As the love story between Audrey and Seymour develops, the tale is fast forwarded through song by the marvelous trio brought in to the production, Brayon Rollison as Chiffon, FreXinet as Ronette, and Tyra "Tyralucia" Dennis as Crystal. These three talented singers, costumed to perfection by Chris Tiernan and so entertainingly choreographed by Mori Edwards, steal the show every time they take the stage, or stoop for that matter. Acting as the show's Greek Chorus, these girls are out to make sure Seymour and Audrey get together, especially after meeting her abusive boyfriend Orin (the amazing Brian O'Sullivan who portrays 9 characters in the show) and realizing he is the one giving her black eyes and a sprained wrist. Perhaps the most fun numbers in the show belong to O'Sullivan during which he promotes Orin's successful career as a dentist, able to utilize his love of inflicting pain on others in any way possible while getting paid to do so.
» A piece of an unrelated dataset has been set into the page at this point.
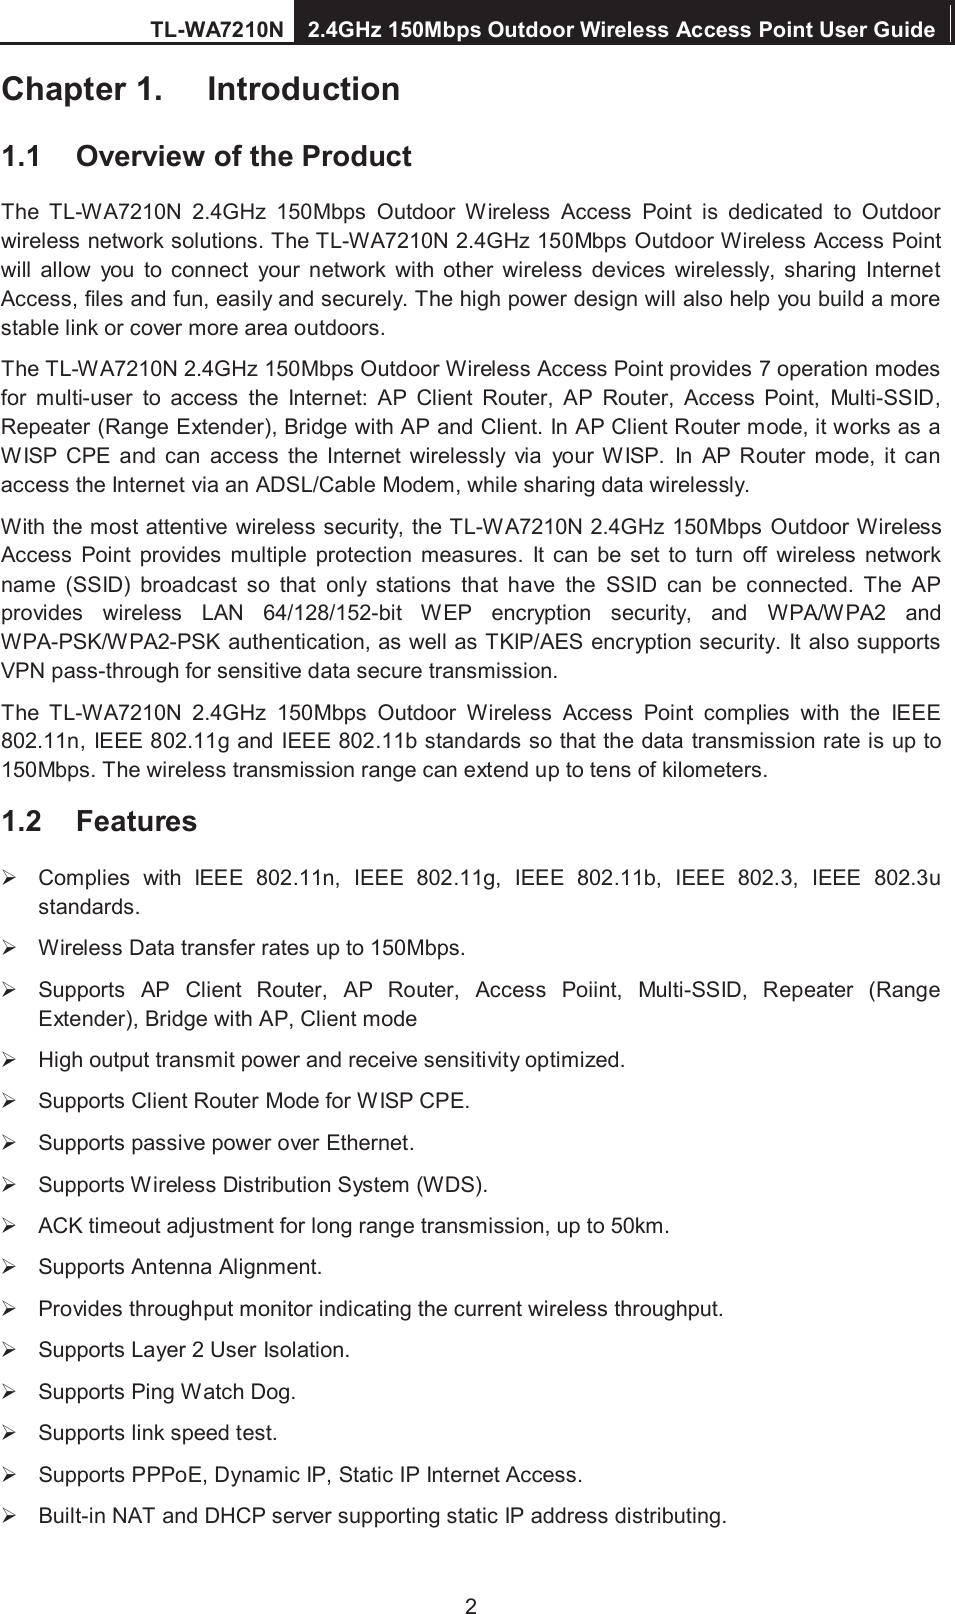 TL-WA7210N 2.4GHz 150Mbps Outdoor Wireless Access Point User Guide  2 Chapter 1.  Introduction 1.1  Overview of the Product The  TL-WA7210N  2.4GHz  150Mbps  Outdoor  Wireless  Access  Point  is  dedicated  to  Outdoor wireless network solutions. The TL-WA7210N 2.4GHz 150Mbps Outdoor Wireless Access Point will  allow  you  to  connect  your  network  with  other  wireless  devices  wirelessly,  sharing  Internet Access, files and fun, easily and securely. The high power design will also help you build a more stable link or cover more area outdoors. The TL-WA7210N 2.4GHz 150Mbps Outdoor Wireless Access Point provides 7 operation modes for  multi-user  to  access  the  Internet:  AP  Client  Router,  AP  Router,  Access  Point,  Multi-SSID, Repeater (Range Extender), Bridge with AP and Client. In AP Client Router mode, it works as a WISP  CPE  and  can  access  the  Internet  wirelessly  via  your WISP.  In  AP  Router  mode,  it  can access the Internet via an ADSL/Cable Modem, while sharing data wirelessly.   With the most attentive wireless security, the TL-WA7210N 2.4GHz 150Mbps Outdoor Wireless Access  Point  provides  multiple  protection  measures.  It can be  set  to  turn  off  wireless  network name  (SSID)  broadcast  so  that  only  stations  that  have  the  SSID  can  be  connected.  The  AP provides  wireless  LAN  64/128/152-bit  WEP encryption  security,  and  WPA/WPA2  and WPA-PSK/WPA2-PSK authentication, as well as TKIP/AES encryption security. It also supports VPN pass-through for sensitive data secure transmission. The  TL-WA7210N  2.4GHz  150Mbps  Outdoor  Wireless  Access  Point  complies  with  the  IEEE 802.11n, IEEE 802.11g and IEEE 802.11b standards so that the data transmission rate is up to 150Mbps. The wireless transmission range can extend up to tens of kilometers. 1.2  Features   Complies  with  IEEE  802.11n,  IEEE  802.11g,  IEEE  802.11b,  IEEE  802.3,  IEEE 802.3u standards.   Wireless Data transfer rates up to 150Mbps.   Supports  AP  Client  Router,  AP  Router,  Access  Poiint,  Multi-SSID,  Repeater  (Range Extender), Bridge with AP, Client mode   High output transmit power and receive sensitivity optimized.   Supports Client Router Mode for WISP CPE.   Supports passive power over Ethernet.   Supports Wireless Distribution System (WDS).   ACK timeout adjustment for long range transmission, up to 50km.   Supports Antenna Alignment.   Provides throughput monitor indicating the current wireless throughput.   Supports Layer 2 User Isolation.   Supports Ping Watch Dog.   Supports link speed test.   Supports PPPoE, Dynamic IP, Static IP Internet Access.   Built-in NAT and DHCP server supporting static IP address distributing.

But this show could not succeed without the talents of puppeteer Matthew Artson and soulful voice of Steven Flowers as the voice of Audrey II, Seymour's chosen name for his new plant. Artson and Flowers, along with music director Esin Aydingoz, have solidly created a believable monster with every movement of Audrey II's impressive onstage body perfectly timed to the song stylings of Flowers offstage.
The show's set design by Tom Brown features two front door stoops on either side with Muchnik's flower shop in the middle, sufficiently large enough to house the over-sized Audrey II puppet by Swazzle, with a drop-down Skid Row street scene utilized when the action shifted outdoors. But in all honesty, after the "Closed for Renovations" song, the shop should appear totally re-decorated, which was not the case in this production. William Wilday's lighting design favored green and red highlights during many songs, especially during Audrey II's feeding sequences.
Kudos to the entire team for rising above the ashes to create such a wonderfully entertaining musical production, although perhaps young children may have nightmares about man-eating plants afterwards! Of course, utilizing a live band rather than pre-recorded tracks would have lent more in-the-moment action to the story, but given the caliber of talent in the show, you may never even notice the difference.
Ms. Booker believes that this show has had an enduring appeal because both young and old can relate to the characters. "Every person in the story has their own desires, and at some point, pursuing those desires become dangerous. Audrey desires to stay in an abusive relationship, Mushnik desires success at any cost, and of course Seymour becomes overwhelmed by his desire to be loved by both of them." In 2019, this story's search for answers feels especially urgent. "Who is to blame for what happens to Seymour and to Audrey? Where do we place the blame when people make decisions that are unhealthy? Heredity, society, or ourselves?"
This unique musical that swept the Off-Broadway awards when it premiered, ran for over five years, enjoyed numerous revivals, and has continued to be a crowd favorite internationally ever since. No doubt that will be the case for this wonderful production at the Morgan-Wixson Theatre, located at 2627 Pico Blvd. in Santa Monica, CA 90405, which proves to all of us that "the show must go on." Free parking is available at the Venice Family Clinic at 2509 Pico Blvd. LITTLE SHOP OF HORRORS continues through April 13, 2019 on Fridays and Saturdays at 8pm, Sundays at 2pm. Tickets are Adults $28, Students and Seniors $23, available by phone at (310) 828-7519, online at www.morgan-wixson.org or via email to email@example.com
Parents should note that Little Shop is a musical comedy with plenty of humor and high-energy songs, but is ultimately about a large plant who consumes human blood. The show contains dark themes and special effects which might be disturbing to young children or very sensitive viewers. Therefore, it is recommended for ages 12 and up.